I do believe the burst speed will kill the NIC driver causing it to drop out and lose the link. This has been the case for as far as I can remember for some. It circles back to discussing that the particular hardware is not a good fit in our case.


Cheers,
Franco

i plan to replace my uplink with either an intel 82571 or an i350 based NIC. can i expect that this will solve the issue?
thanx!

em(4) driver should cover both devices and should be fine. Just for reference, what hardware does this run on?


Cheers,
Franco

I continue to experience issues where the dashboard items do not load and the WebGUI overall hangs until I reboot every few days or so.
My version is OPNsense 24.7.9_1-amd64

I cannot even get firmware status or check for updates when it is in this state, nor can I get past SSH login prompt. As though it does not like my password...

But after forceful reboot, all back to normal for a few days.

Is this the proper post or should I make a new post?
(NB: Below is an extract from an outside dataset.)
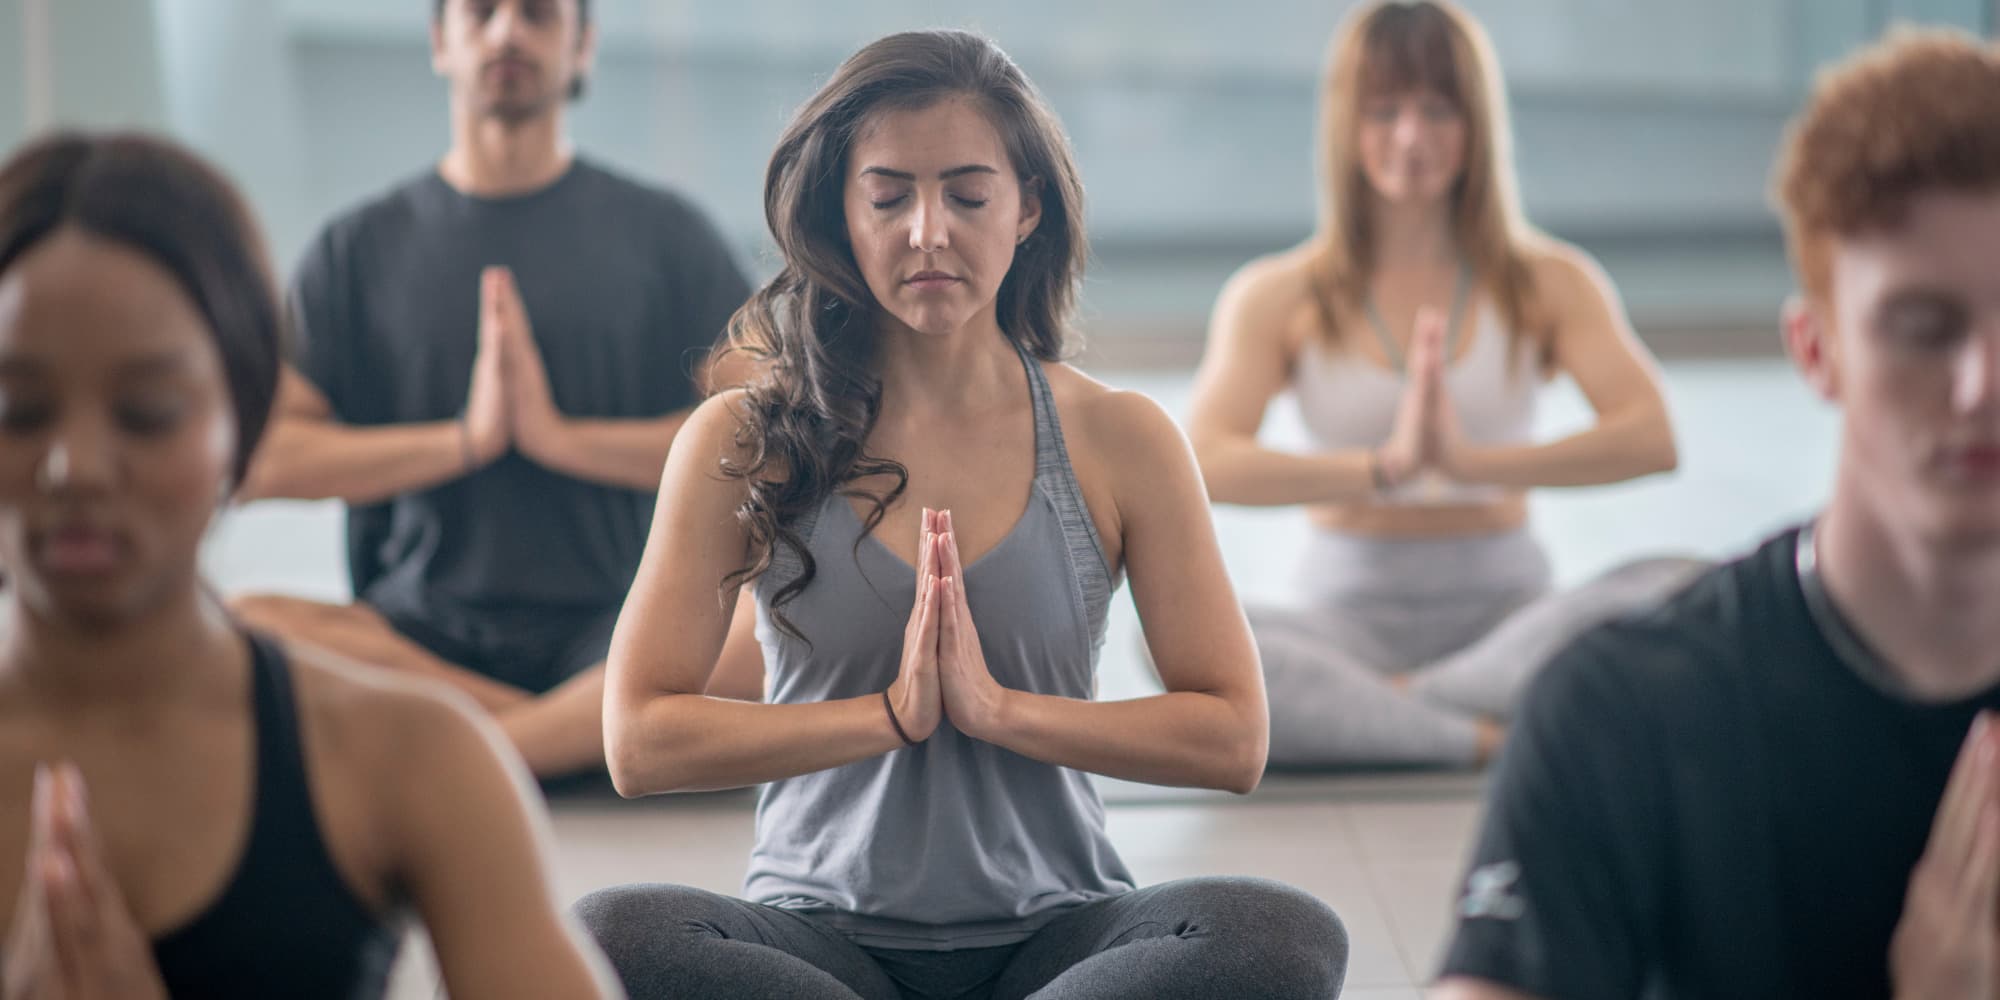 Several men and women sitting cross-legged with their hands together in a prayer pose with their eyes closed, meditating.

I went ahead and forced shutdown of Opnsense (running on Protectli J3710) and then updated to 24.7.10_1

However, the dashboard widget content failures are already starting again and this usually is the preamble to the WebGUI hangs and inability to login to SSH.


For the record, I do not have  re0/ue0 as Franco noted

Any suggestions?

I have similar symptoms occasionally.

If you can, log in via SSH and run `pftop`. I have something running on my LAN (it's a Docker container but I still need to spend the time to narrow down which one) which seems to hold connections open, but only sometimes.
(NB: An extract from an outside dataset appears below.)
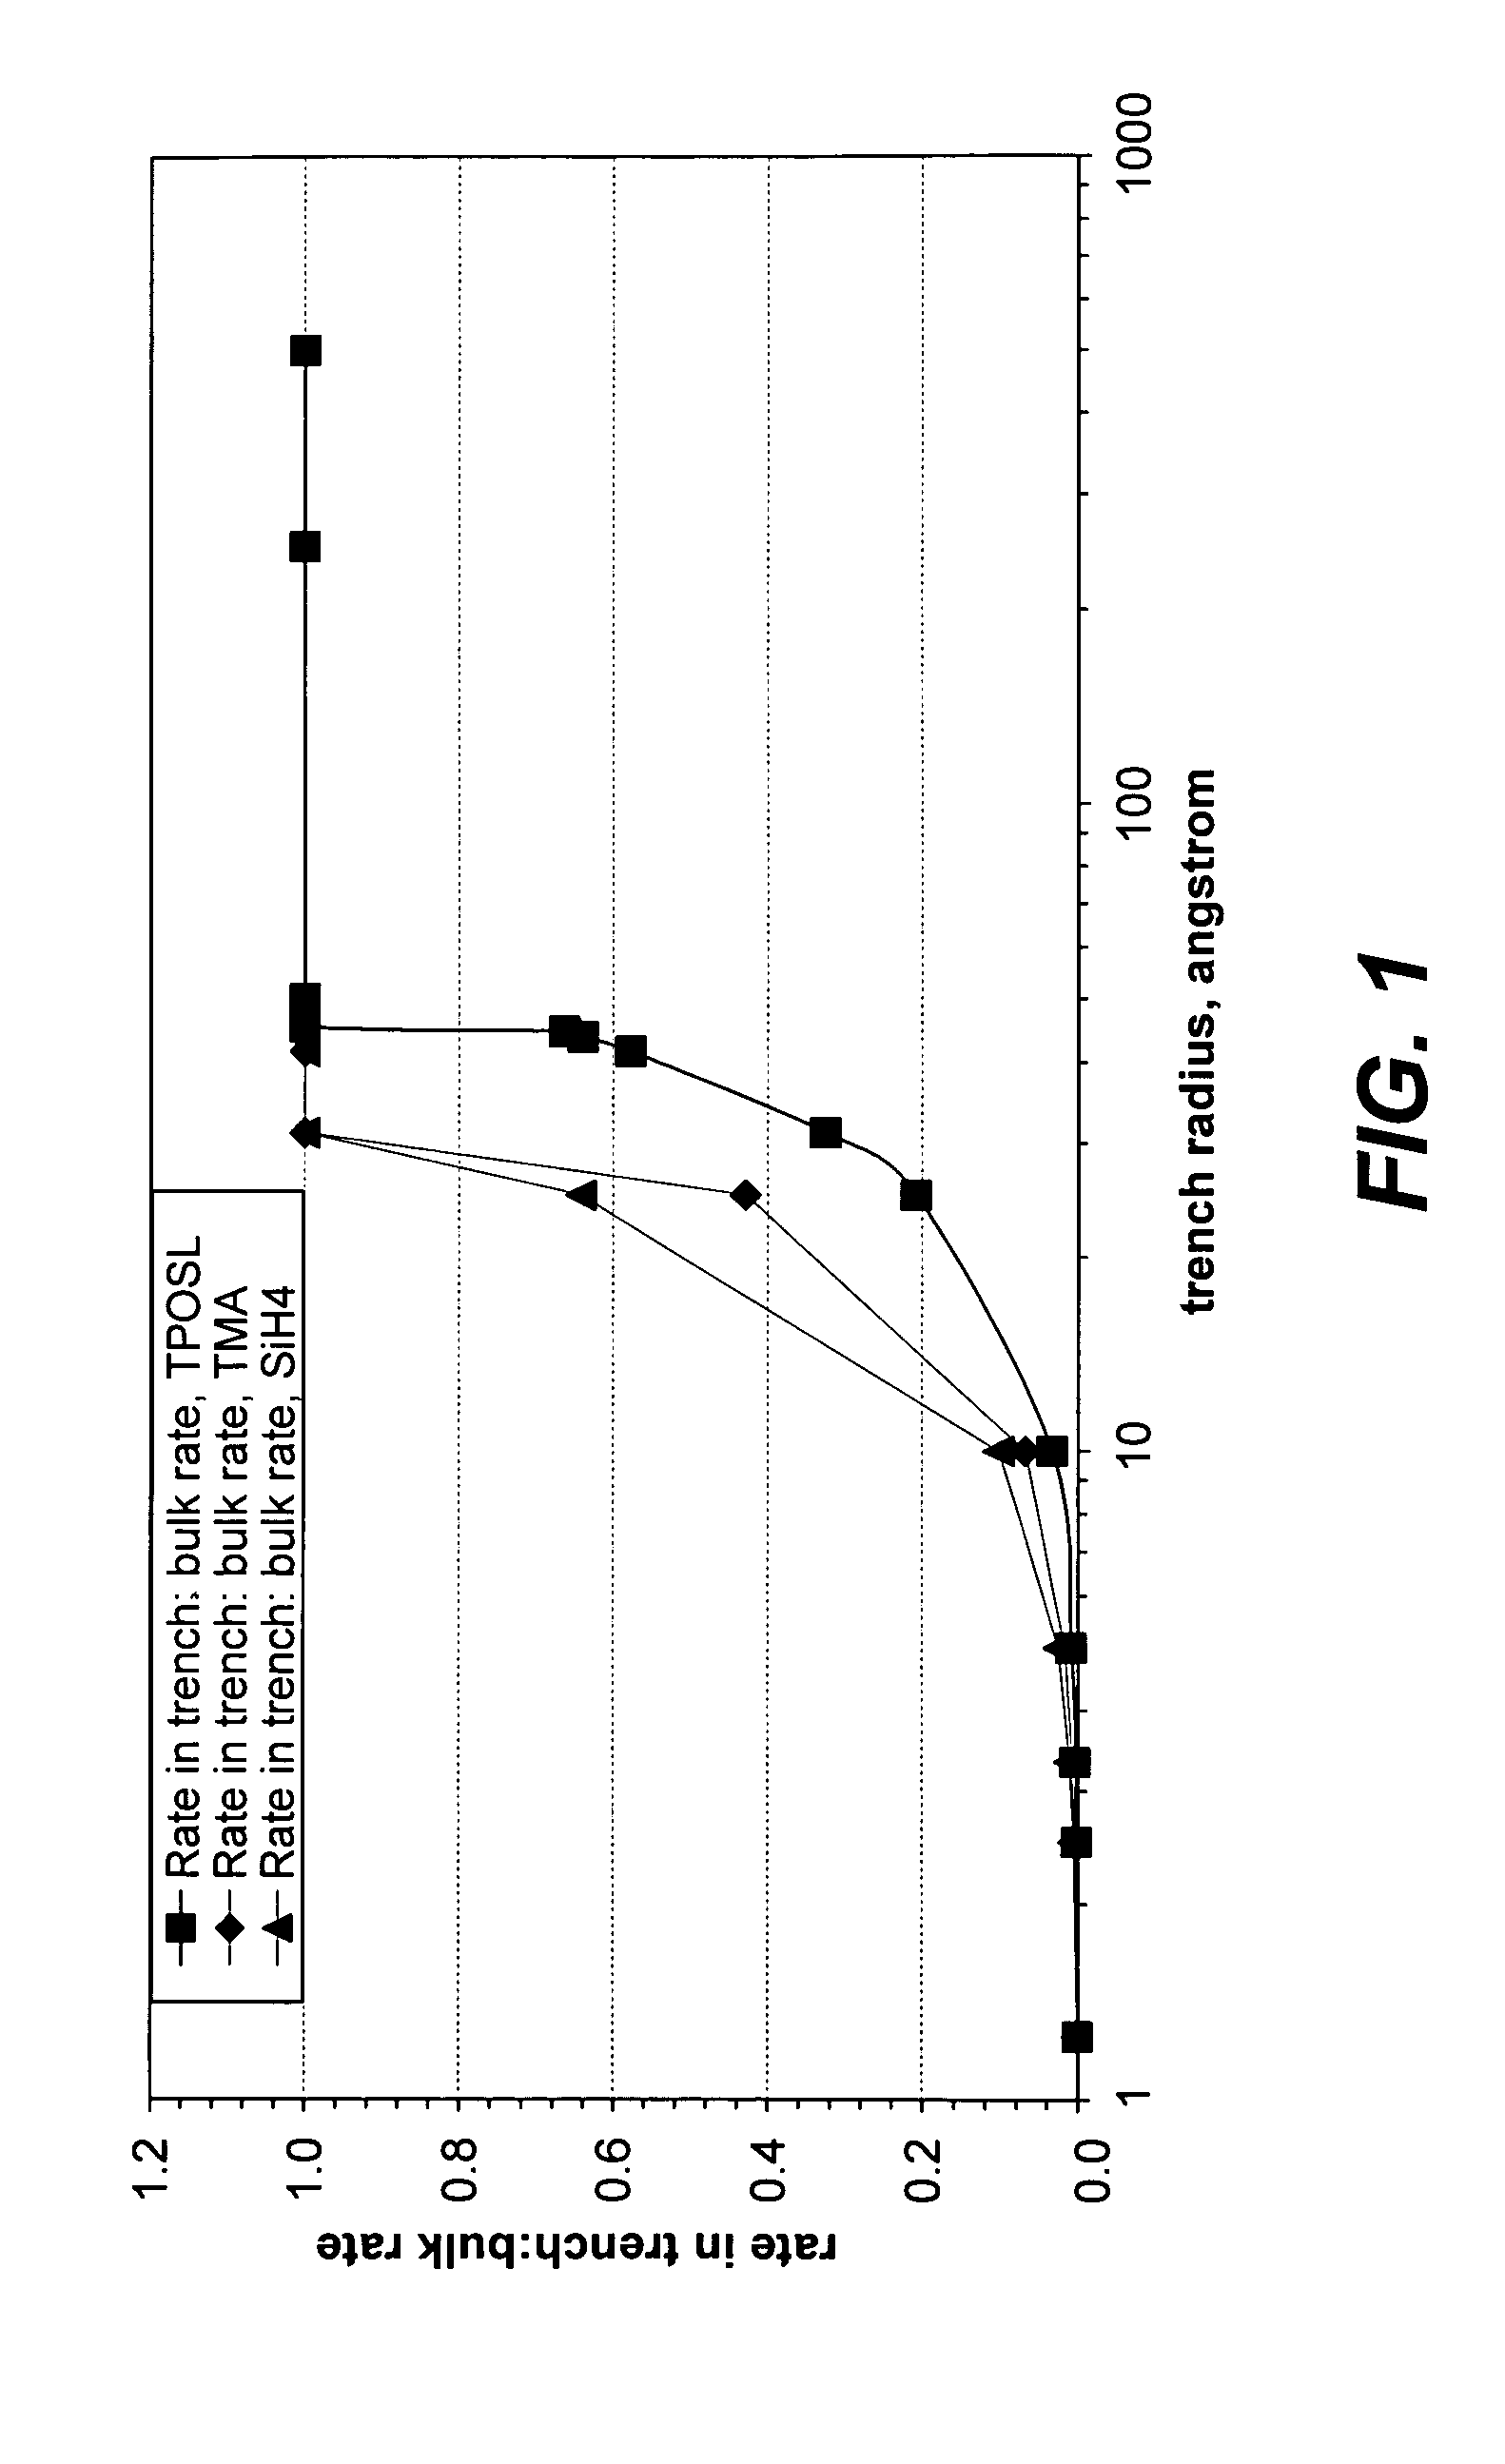 Pulsed deposition layer gap fill with expansion material

Earlier this evening, after the 24.7.10_1 update, I couldn't SSH into the box anymore but I happened to have a serial cable connected. I was able to run `pftop` and see that there were 15000+ states open. Shortly after that, the box kernal panicked, spewed a load of debug output via serial and then rebooted itself. After the reboot, I stopped the Docker daemon on my home NAS and the number of states is currently hovering around 2000 states. I'm going to start the Docker daemon again and see if the problem comes back - if it does then I need to figure out which container it is because all I can see on OPNsense is the source IP which just comes back as the NAS because of how Docker networking works by default.

In your case, it sounds like maybe you also have too many states open, so your box gets to the point that for some reason it can't accept new connections or the DDoS protection (syncookies) is coming into play, or something like that.

edit - I started the Docker daemon. Within a few seconds, `pftop` was showing 7500 states, so the amount tripled.

Please start a new thread for your issue, it has nothing to do with this one

Quote from: slackadelic on November 26, 2024, 04:49:29 PM
This is an Intel nick that's been running great for quite a few years.  Didn't have this particular issue back in the summer and folks are correct, about the last update is when I started noticing the issue.
I'm continuing to look at logs when it happens to see if I can sort out what is going on, but so far nothing stands out.

After some more observations and testing, this issue that is discussed does not seem to apply to my Intel setup.  I'm pretty sure my ISP did something; not sure what but will keep an eye out if the issue persists.

So far, I'm stable. 

Quote from: franco on December 03, 2024, 09:25:27 PM
em(4) driver should cover both devices and should be fine. Just for reference, what hardware does this run on?


it's an asrock j3455m pc mainboard (with a realtek onboard nic which i used so far for the upling re0).
in each one of the 3 pcie slots, i have a nic used for one of the lans.
when i built the machine a few years ago, i took different lan cards for each of the slots to be prepared for tests once i run into issues with one of the cards.
unfortunately, all 3 cards are used for lans in the meantime, that's why i attached an usb nic for my actual tests.

i now plan to replace one of the cards with an intel dual nic. so i again get a spare nic.